レビュー

編集だよりー 2007年1月11日編集だより

2007.01.11

小岩井忠道

 日本での上演は25年ぶり2回目、というオペラ「アンナ・ボレーナ」を東京文化会館で鑑賞した。

 アンナ役は、“マリア・カラスの再来“というふれこみのディミトラ・テオドッシュウである。この作品は、1870年代にイタリア国内で上演された後、長い間埋もれていたのが、1957年、全盛期のマリア・カラスがスカラ座で歌い、再び脚光を浴びた、とパンフレットに書いてある。

 英国王が、王妃アンナの侍女を王妃に据えたいがために、策謀をこらし、王妃に密通の罪をかぶせ、さらに王妃の元恋人ともども死罪に追い込む。アンナは正気を失い、息絶える。

 パンフレットのあらすじを読んでこれで3時間40分も持つのかと、心配になったが、とんだ見当違いだった。一幕が終わったところで、会場は拍手がやまず、テオドッシュウをはじめ、出演者が何度もカーテンコールに、という状態であった。

 これほど聴きごたえがあるのに、なぜこのオペラが頻繁に上演されなかったのか。音楽に詳しくない編集者も、その理由が、よく分かるような気がした。アンナ役を歌いこなせる歌手など、そういないからだ、という。

 一緒に鑑賞した音楽好きの友人夫妻(夫は拍手をしすぎて手のひらが痛いと言っていた)と、会場を出た後、いっぱいやる。「器楽曲もそうだろうけれど、生のオペラのよさは、何はともあれ、声(音)量の違いが、はっきりわかることではないか」という話になった。

 再生装置で聴く音楽は、つまみ(ボリューム)を動かすだけで、声(音)の大きさはどうにでもなる。これって、音楽の本質的な部分を、ないがしろにしていることではないのか、というのが編集者の“いちゃもん”だった。

 「ラヴェルのボレロは、最初から最後までボリュームを変えずに聴いている」と友人が、すかさず同調してくれた(ただし夫人は、「隣近所のこともあり、大きな音は迷惑」と反論)。
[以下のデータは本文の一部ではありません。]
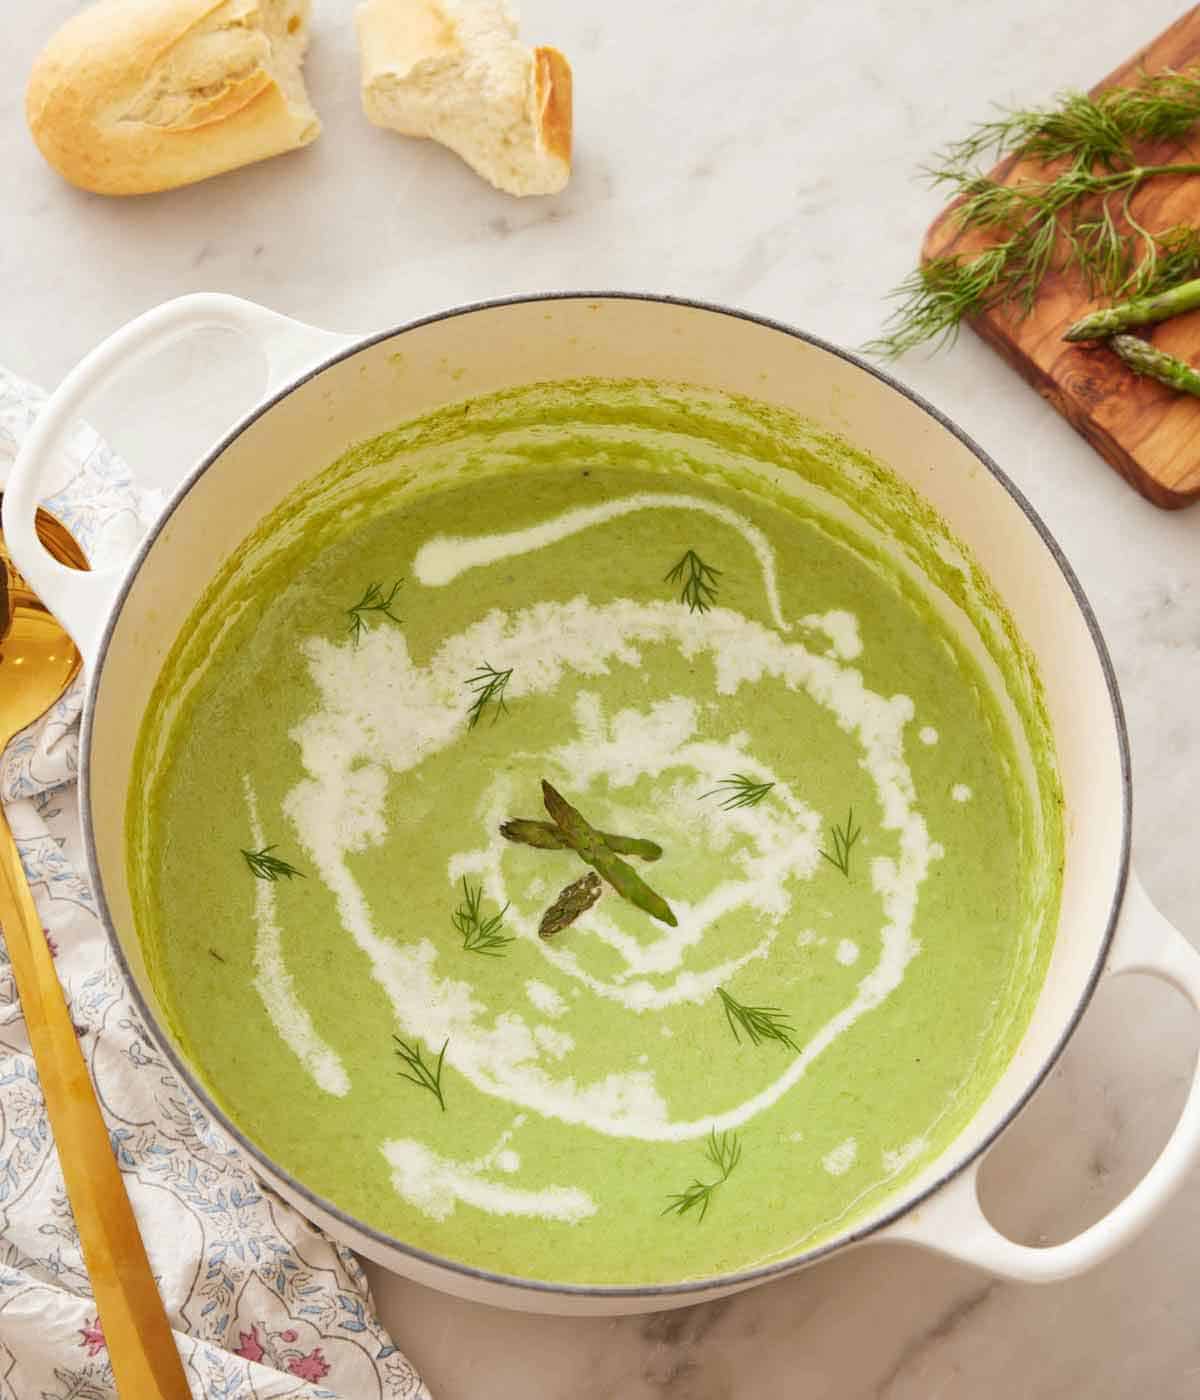 Overhead view of a pot of asparagus soup with some fresh dill and asparagus as garnish and a drizzle of cream.

 ともかく、IT化、デジタル化が進めば進むほど、価値が高まるものの一つが、オペラではないか。あらためて痛感した夜であった。活字情報の経済価値が、ネット社会の中で下がる一方のように見えるのと対照的に。

 この日の朝日新聞朝刊文化面に、岡田暁生氏の音楽評(6日に大津市で行われた公演を聴いた)が、載っていた。ほとんど、べた褒めに近いと思われる内容だ。テオドッシュウをはじめとする出演者が、気合い十分だったように見えたことも含め、会場があれほど盛り上がったのは、この新聞記事も相当、影響しているように思えるのだが…。